Your task is to write out the entire listing exactly, omitting its pictures.

Information shown:
===============
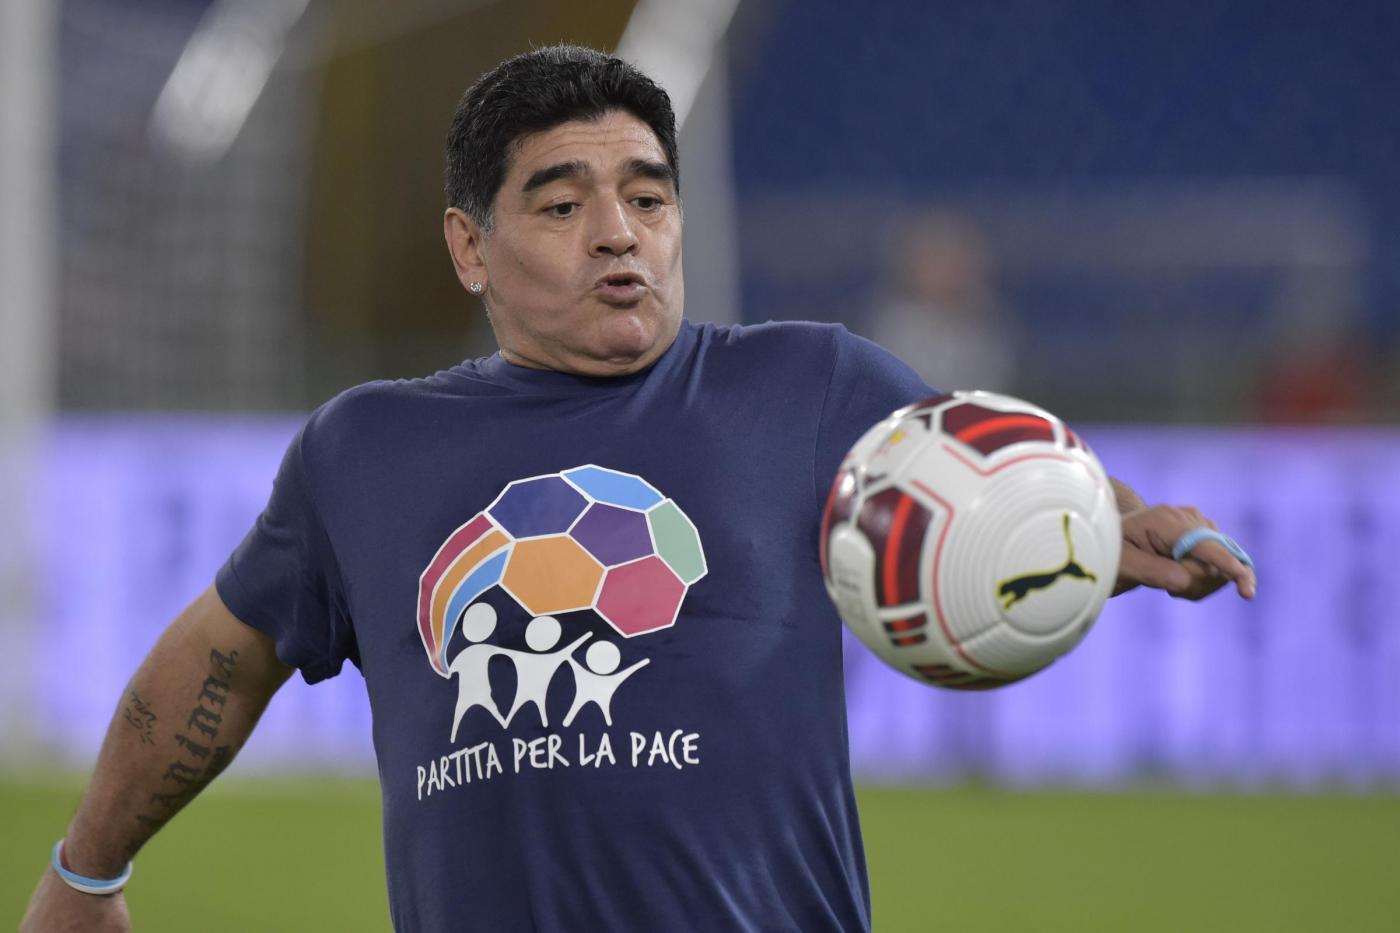 Diego Armando Maradona compie 55 anni
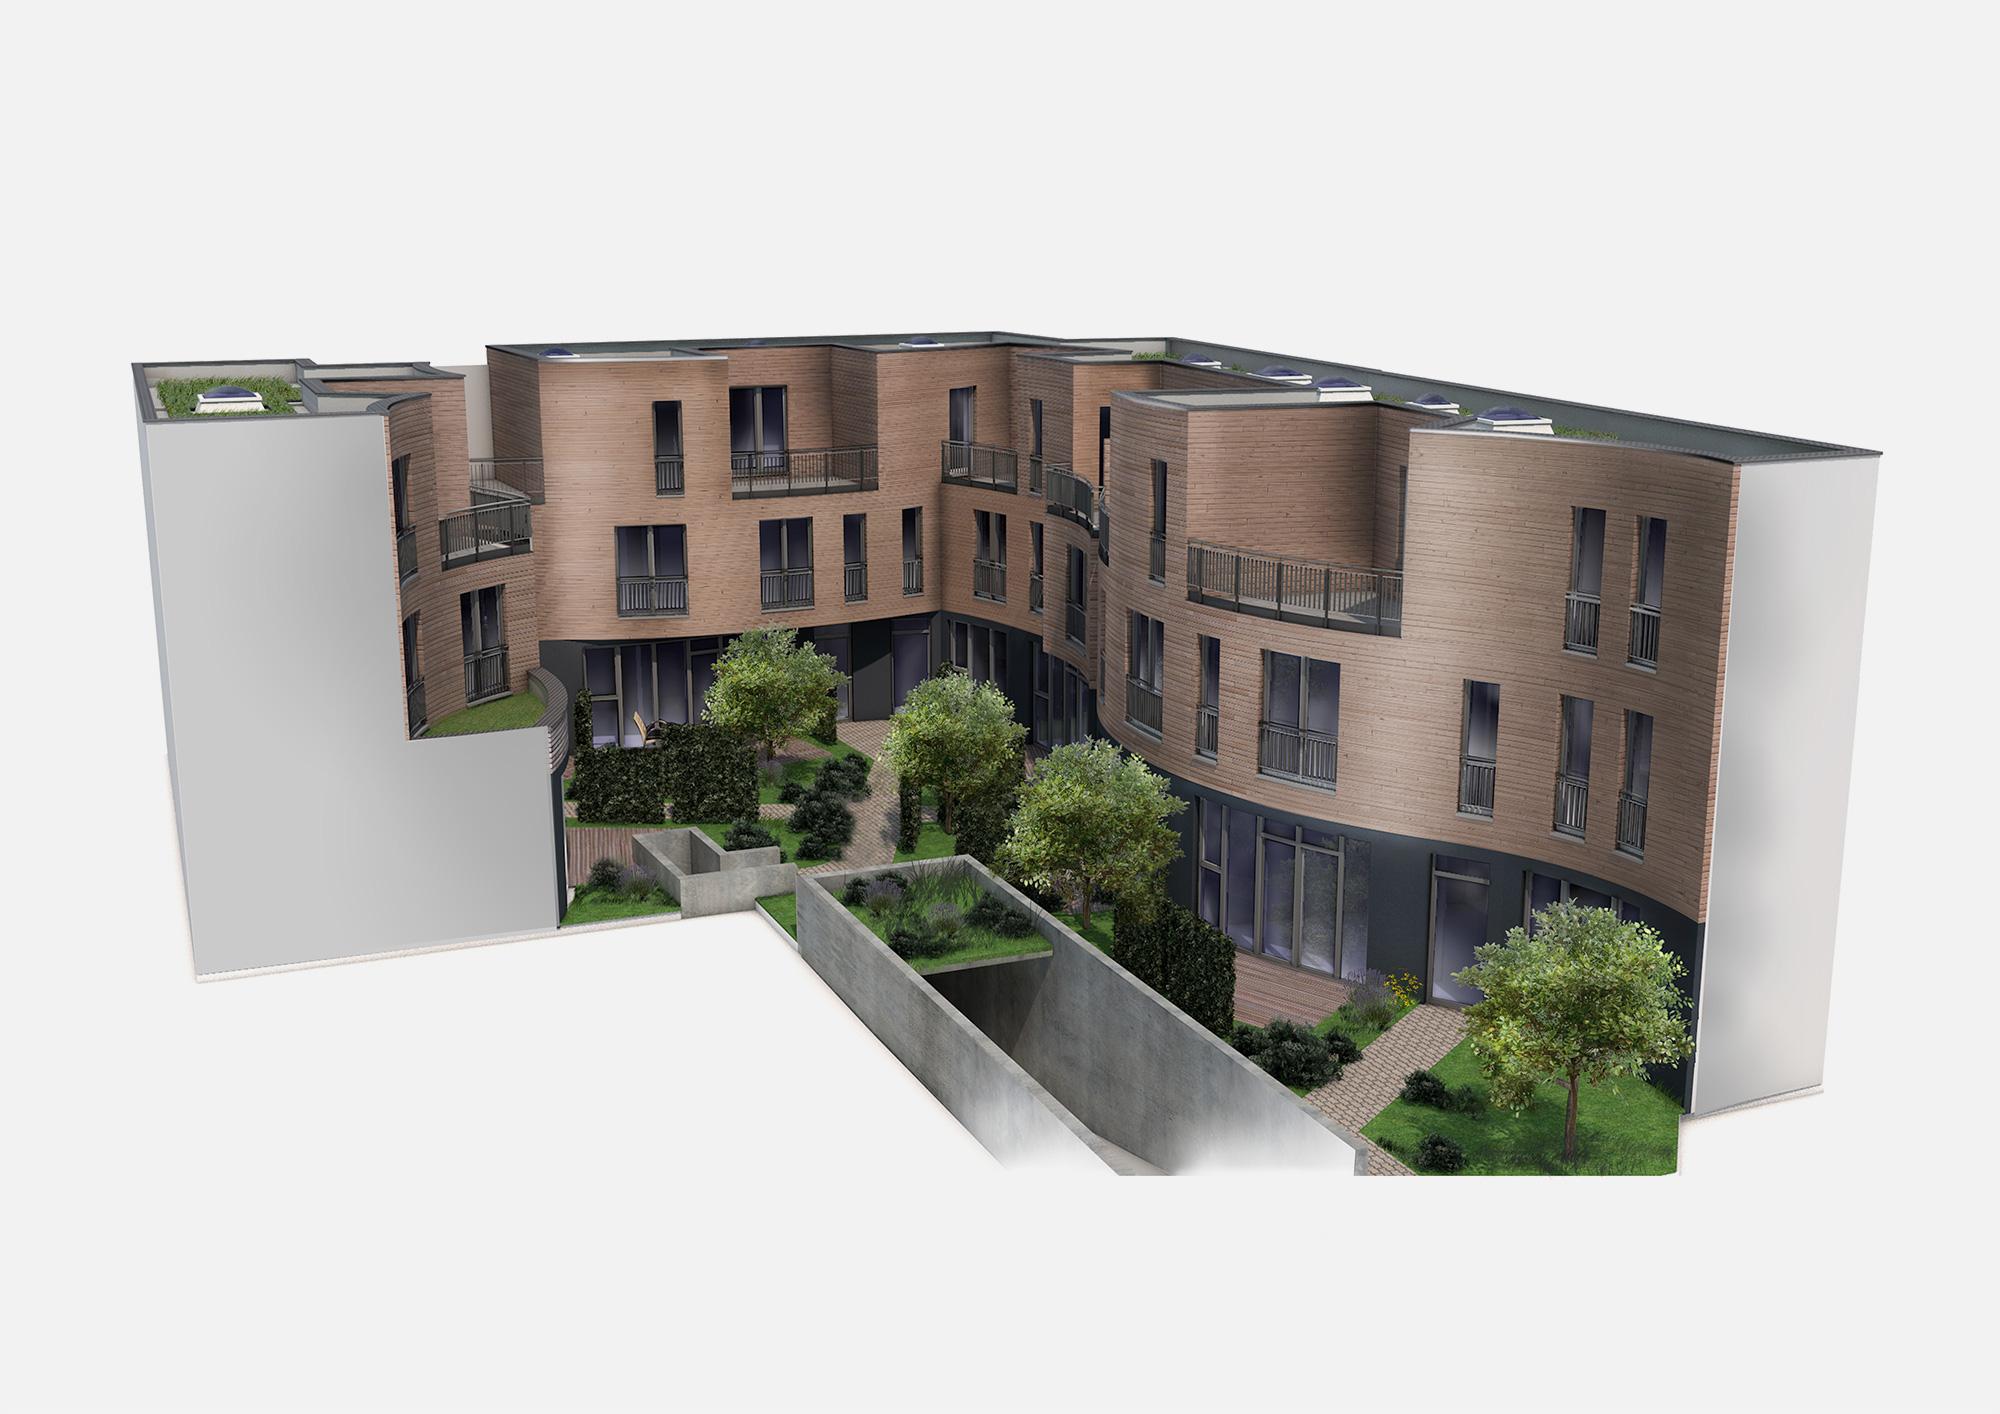 heckundschmiegel-projekte-aderstrasse-perspektive
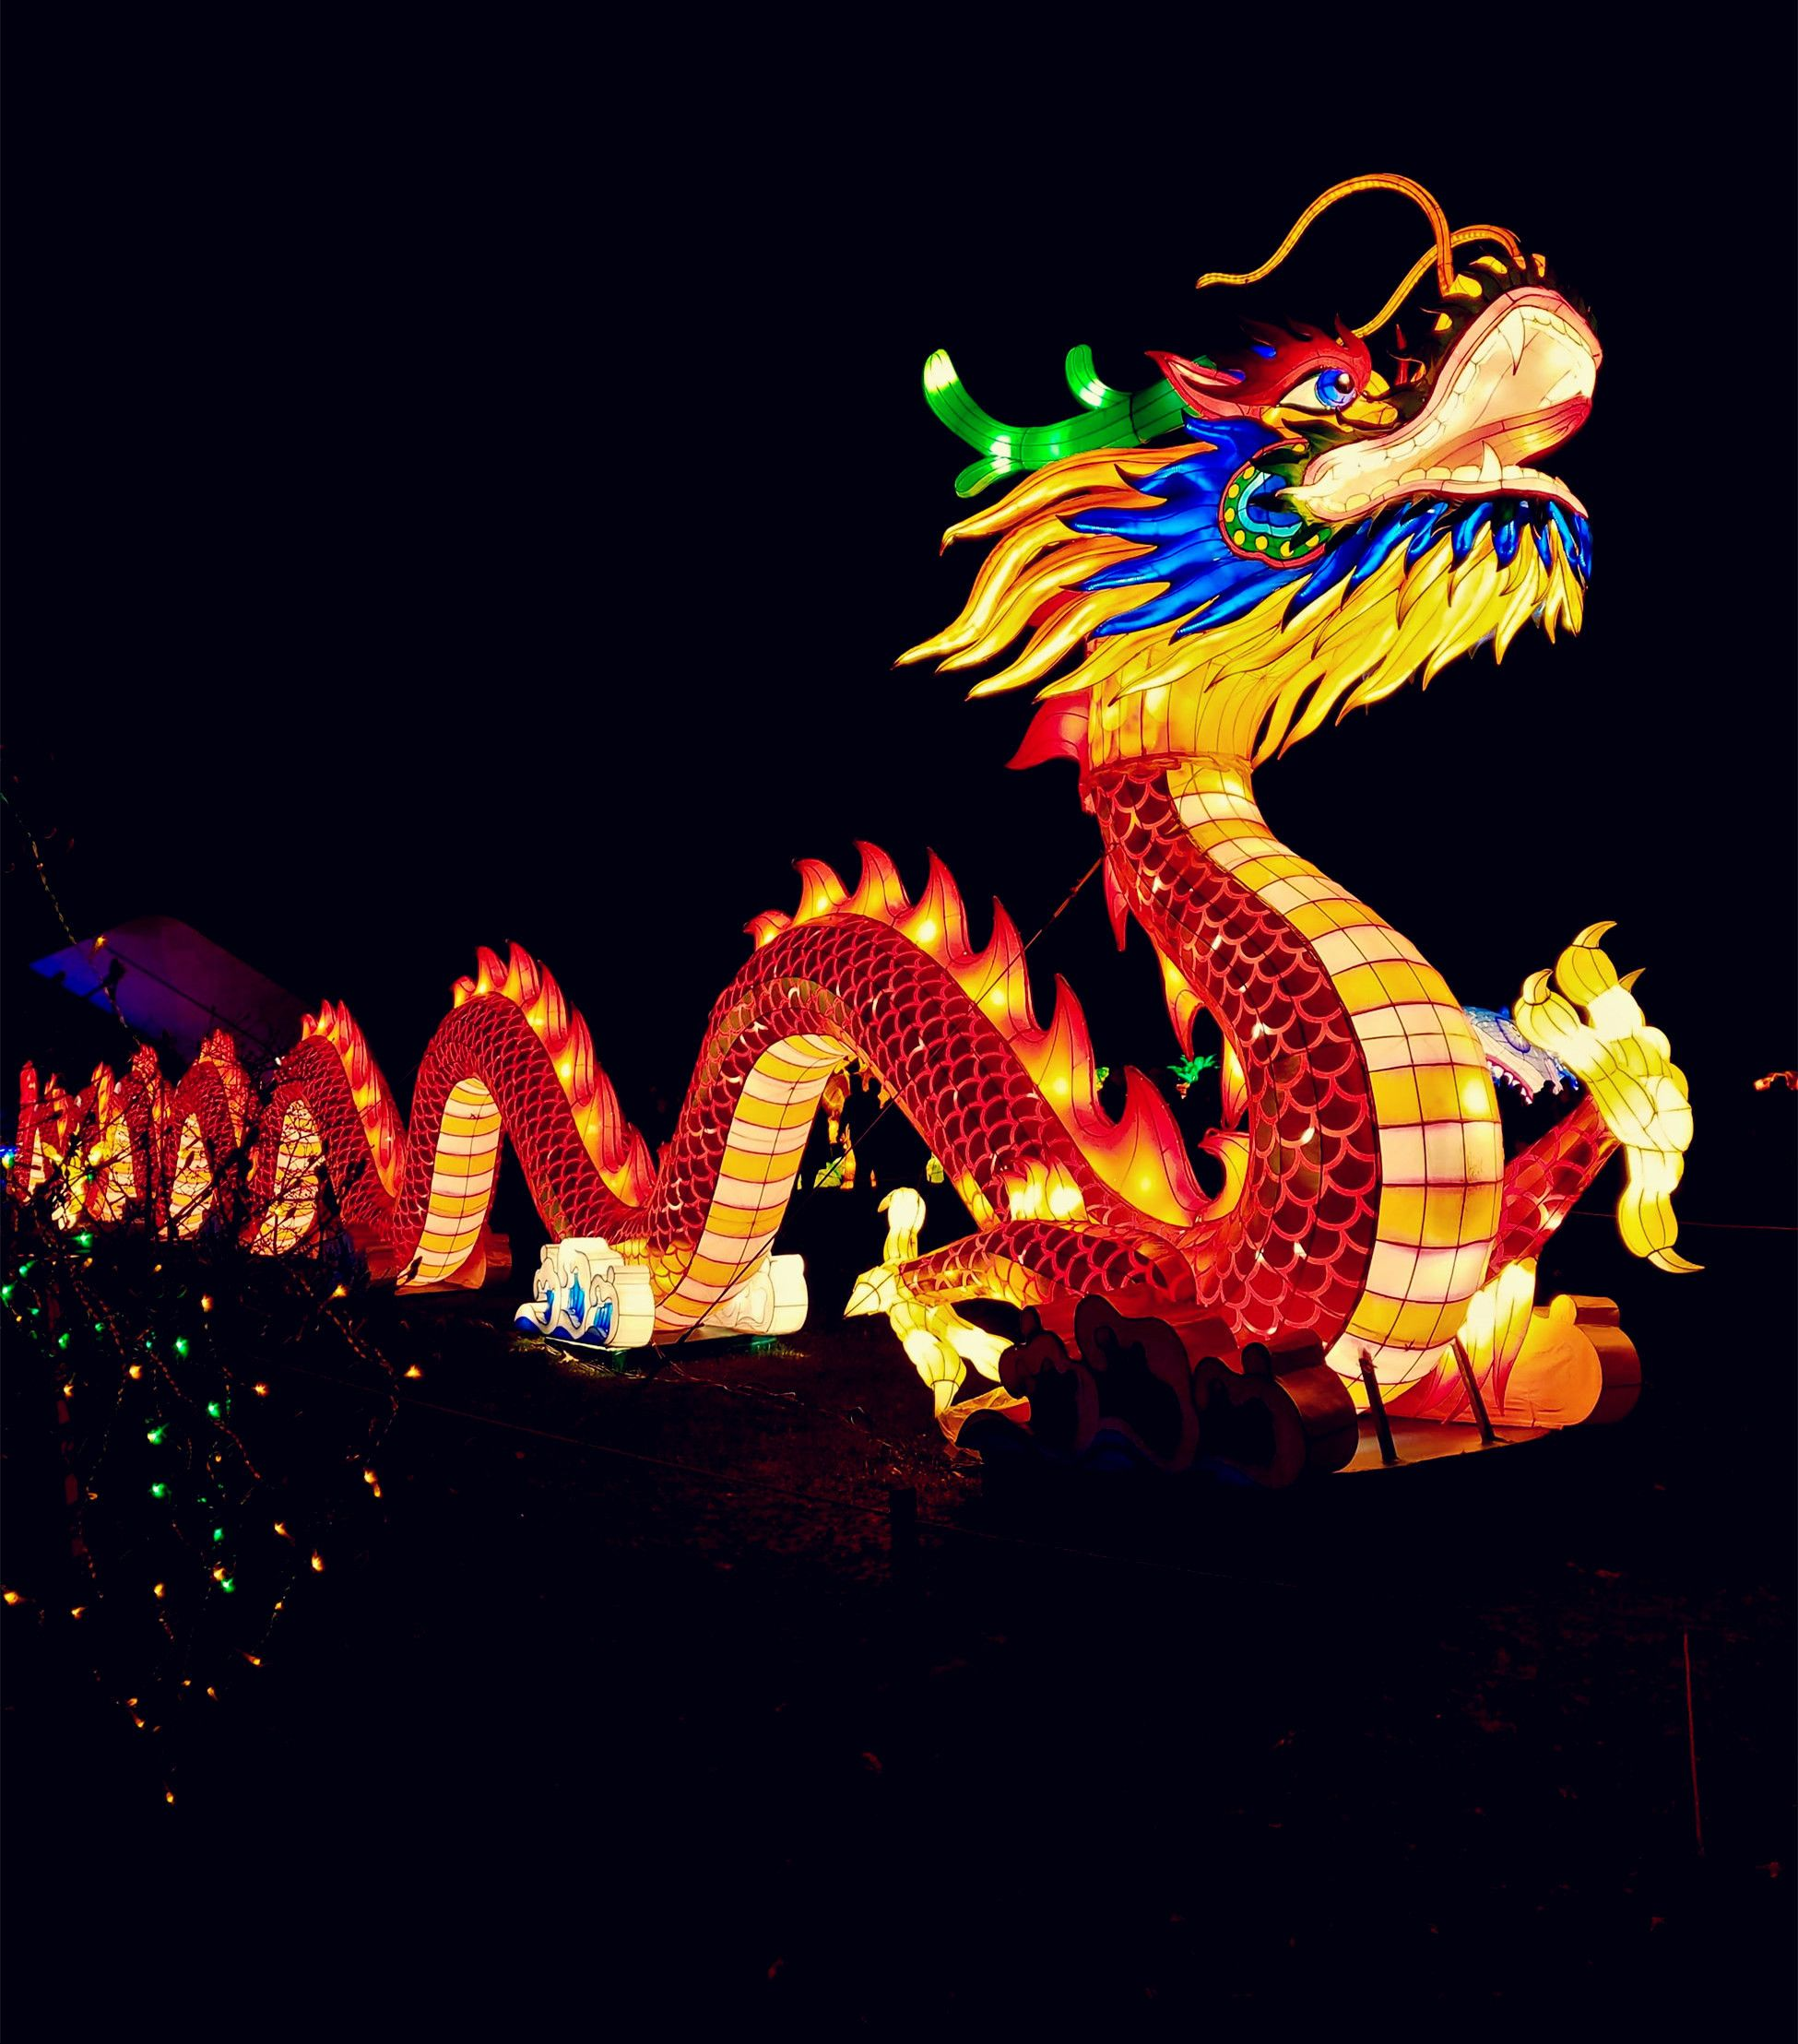 chinese new year dragon dance cchatty chinese new year dragon dance cchatty
===============
Solution below:
 Diego Armando Maradona compie 55 anni
 heckundschmiegel-projekte-aderstrasse-perspektive
 chinese new year dragon dance cchatty chinese new year dragon dance cchatty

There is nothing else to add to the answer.